Before making the comparison between the two chairs of the Fed, it is important to note the changes in policy. In recent years, the Fed has made considerable changes to its monetary policymaking framework by offering greater clarity concerning its objectives, intentions concerning the monetary policy use such as asset purchases and forward guidance (nontraditional policy tools), in the search of those goals, as well as, its wider policy strategy (English, Lopez-Salido, & Tetlow, 2013). The alterations have led to the understanding of the most efficient means of implementing monetary policy by economists and a response to certain problems that financial crisis and its effect present, especially the efficient lower bound on interest rates. Some foreign central banks have also made similar inventions and innovations as a reaction to such developments. The Fed has moved nearer to flexible inflation targeting. However, the approach of Fed involves a balanced concern with two goals and the application of a flexible possibility over which policy targets to enhance those goals (English, Lopez-Salido, & Tetlow, 2013). Additional changes in the frameworks of central banks may be required to deal with challenges presented by the global financial crisis. For instance, various economists have recommended that the sustained time at the efficient lower bound presents a need for the financial institutions to set up a distinct policy goal including a nominal income target and higher inflation target. Such changes have presented potential costs and benefits in the U.S. economy (English, Lopez-Salido, & Tetlow, 2013). There is, therefore, important to check on this issue broadly.
Economists have attempted to compare the two in terms of changes and differences in the Federal Reserve. A majority of people noted that Janet Yellen would just be like Ben Bernanke after she became the chair of the Fed. However, this is just not true, and is, in fact, not possible according to Brusca (2014). It is important to note that Yellen was the first woman to become the chair of the Federal Reserve. The testimony of Yellen paved the path for this conclusion. Yellen spoke of the policy continuity, and this reminded people that she has been an associate of the board of governors of the Fed and a member of the Federal Open Market Committee (FOMC) in this hard time and among the policy architects. However, it is not unexpected for people to question why the two were often on the same page and whether they are same-minded. Brusca (2014) uses the word cyclical dove to label Bernanke as his dovish nature on policy started after he pursued a career in understanding the Great Depression, and leaves Americans to question what went wrong. Bernanke had noted that the main mistake in the policy was eliminating stimulus too soon. The policy’s driving force under Ben Bernanke was to make it stimulative and maintain this for a long period, above usual tolerance. This is not just a philosophy or idea, but a policy created after a lot of time of academic study (Brusca, 2014). It is important to note that even after considerable efforts of investigation by reporters during the time that Bernanke was the chair of the Fed; nobody was in a position to identify his political proclivities. According to Brusca (2014), he just was not an ideologue.

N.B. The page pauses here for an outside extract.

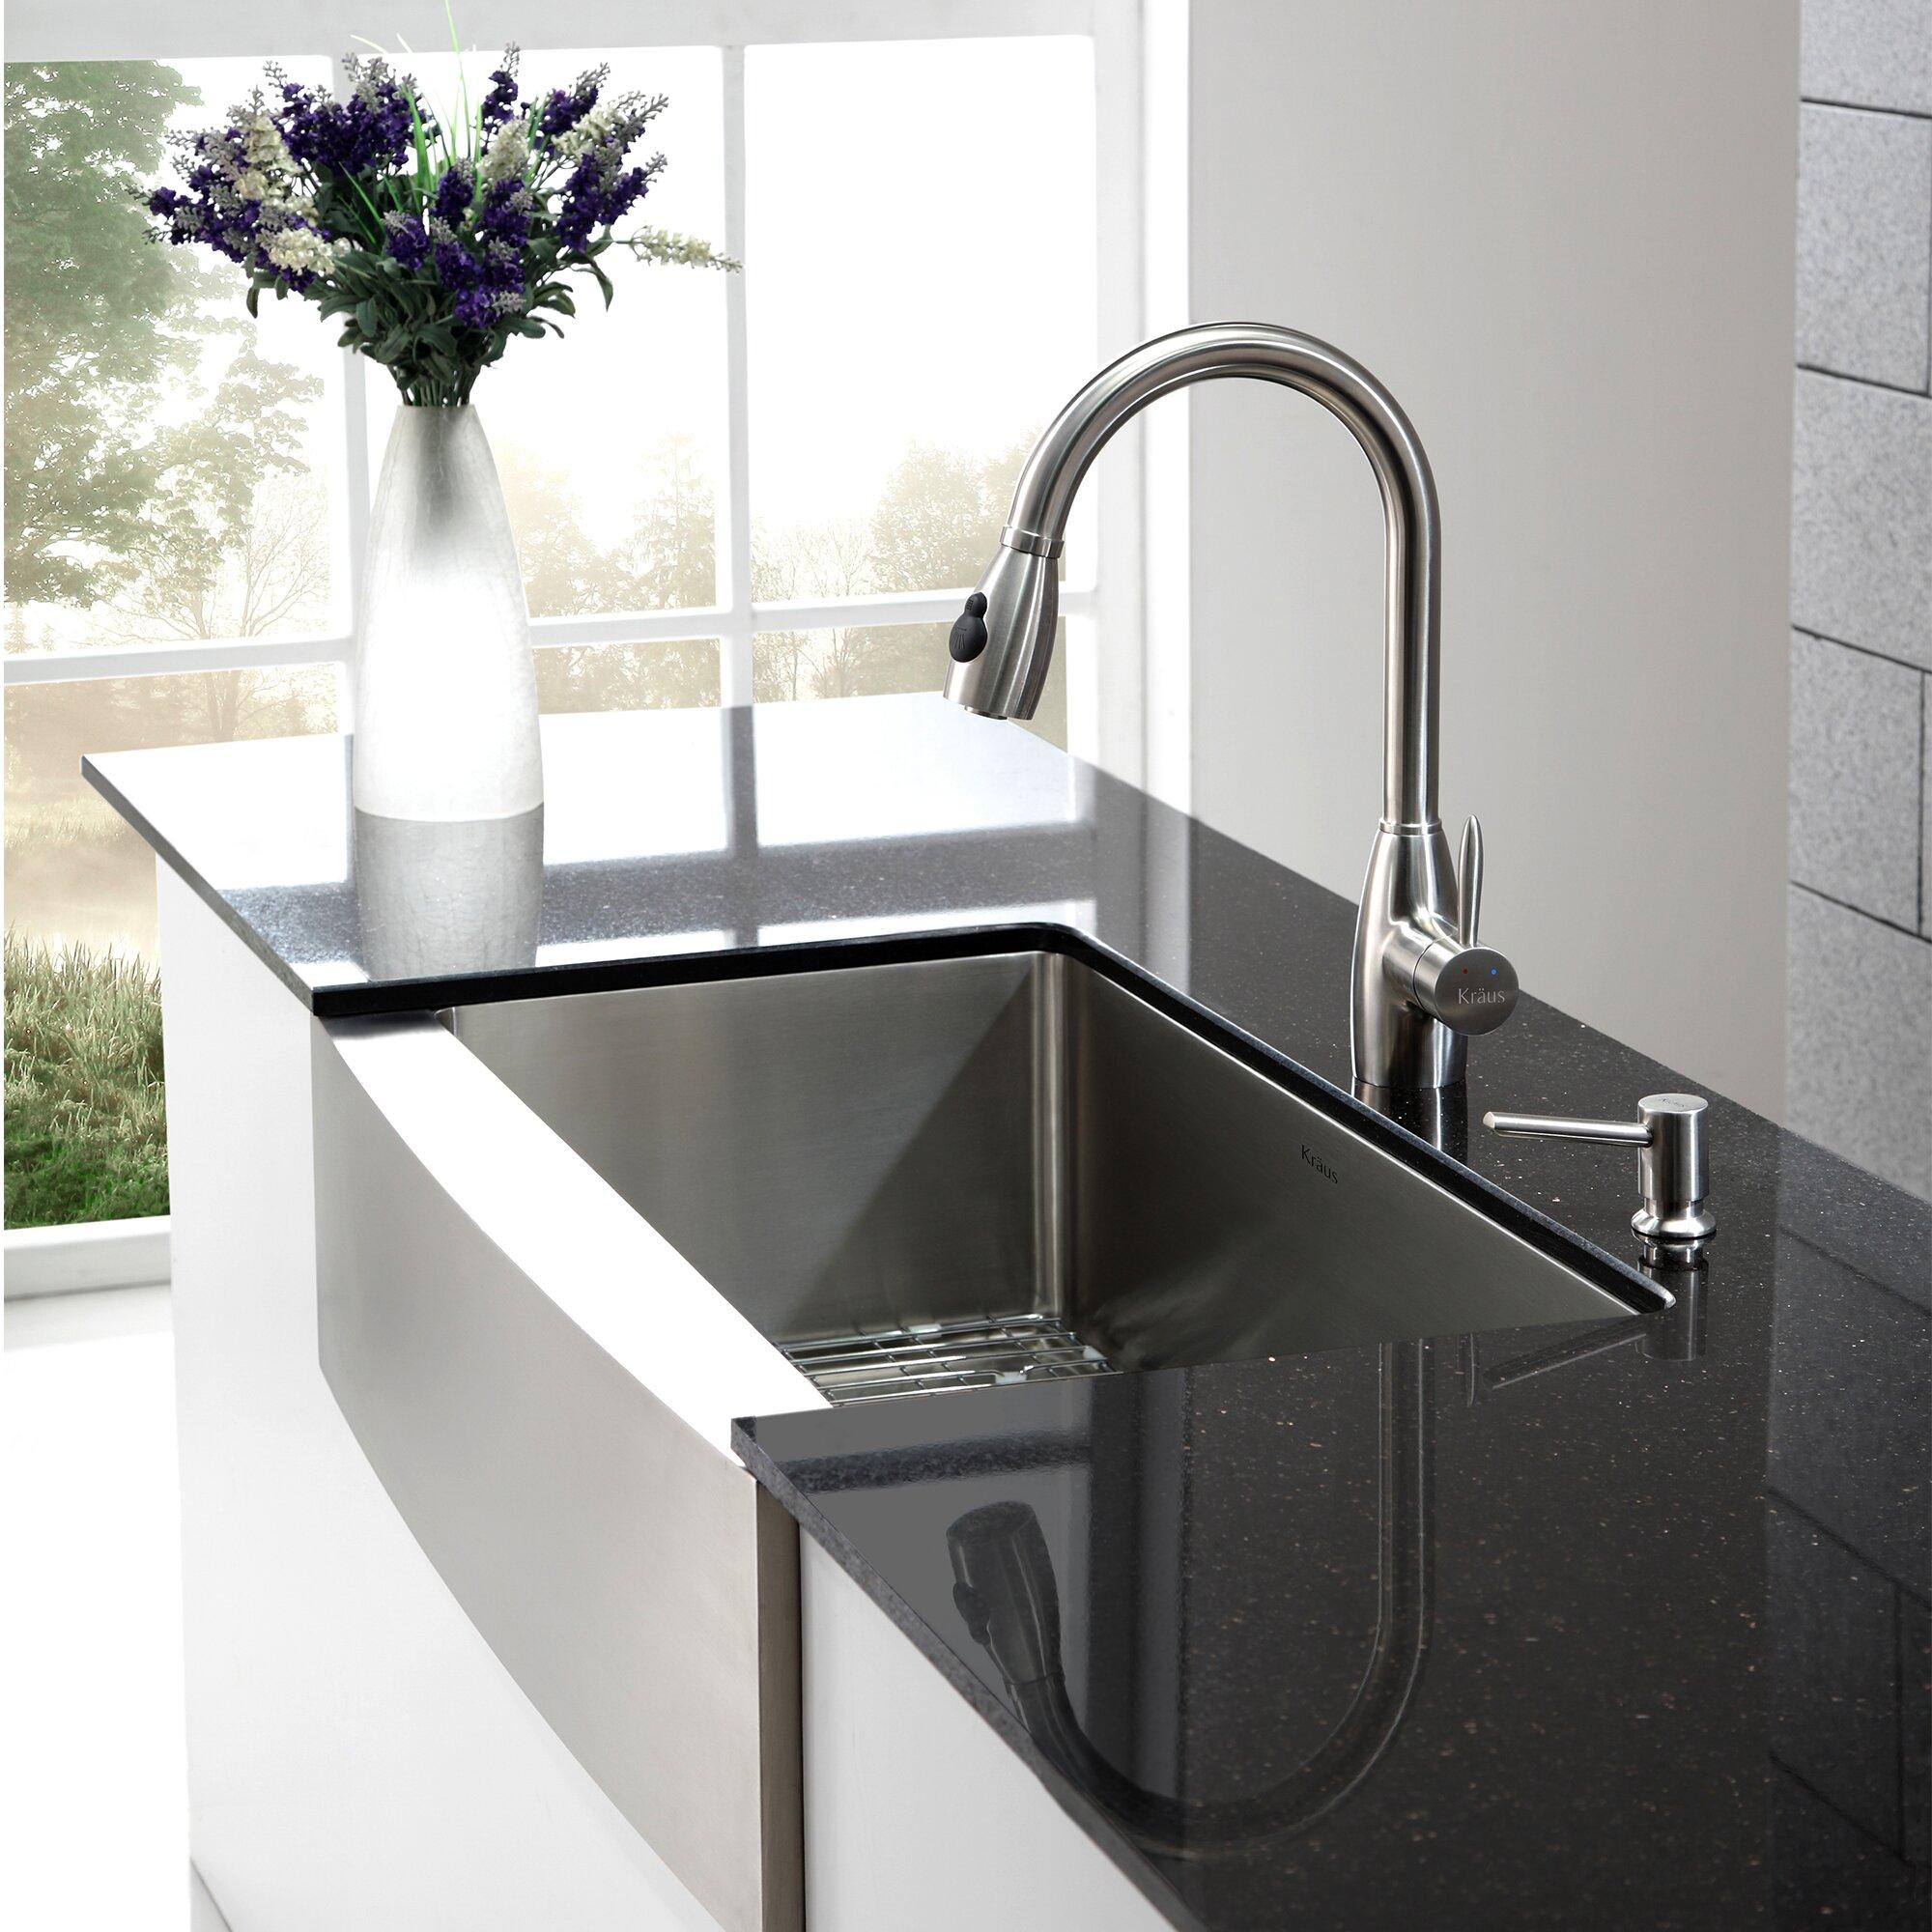 Kraus Kitchen Sink Reviews : Kraus 35.88

Unlike Bernanke, Yellen is a Democrat. According to Brusca (2014), democrats believe in the legal role of government involvement and in the ineffectiveness of economic systems. Therefore, Yellen is, in this case, a structural dove. Yellen and Bernanke were simply on the same page due to the economy’s condition, the financial crisis. Taking into consideration the likely course of action by Yellen, the fact that comes out is that it was not only ideology but also the economy’s demands need to be taken into consideration (Brusca, 2014). When Paul Volcker, for instance, took over the economy’s demand were clear, as well as, the way for the Federal Reserve. For Yellen, this appears to be far from true. Besides this, it is true no longer true that Yellen’s, Bernanke’s and other members of FOMC policies are important for today. As the country progresses in the process of recovery, the concern of what Ben would do would become less relevant and obvious. Under Bernanke’s leadership, several innovative policies were put in place, which have been stopped one after the other since the policies have become less important. During his time, there was the adoption of a long term guidepost for inflation, as well as, a metric to evaluate unemployment appropriateness. There seemed to be rules and regulations under Bernanke. Brusca (2014) notes that maybe there was a lot of the illusion of rules and regulations than the substance. The issue of unemployment is still persistent as always, and the Federal Reserve is particularly taking into account to allow inflation to go beyond the target to even a rate of 2.5% under some conditions.
Even though, in her testimony, Yellen claimed to be a central banker who does not want to bring any surprises to the public, the current Federal Reserve does not have guidelines. One cannot identify the one single factor that drives policy. The Fed has the idea of the long term inflation. However, it does not have commitment to get attain that rate. The Fed’s unemployment metric is only for show. Whether Janet Yellen agrees with the policy of Bernanke or not, the Bernanke’s policies have brought American citizens to a split in the road, a split that has come up so fast (Brusca, 2014). The Federal Reserve’s strange expression of being extremely discontented with the unemployment rate has made matters somewhat worse and regardless of that getting involved in decreasing operation to remove stimulus. The Federal Reserve targeted significant asset purchases at improving the country’s economy and the rate of fed-funds at keeping the rate of unemployment lower. However, the Fed is now in a peculiar state of having a policy that works against the anti-unemployment expression or rhetoric. Making promises not to increase the rate of fed-funds is not much, particularly because the rate of unemployment is about to fall under consultation. Fed’s forward-guidance requirements have, in fact, changed a total of four times. This leaves no credibility for anyone. People are left with no guidelines and are in the opinion region under Janet Yellen. This means that Ben and Janet had an agreement before, which is presently disentangling. Yellen needs a proper plan B that is there is a need for her to break with past policies. This is because policy continuity is a perilous concept during these modern times (Brusca, 2014).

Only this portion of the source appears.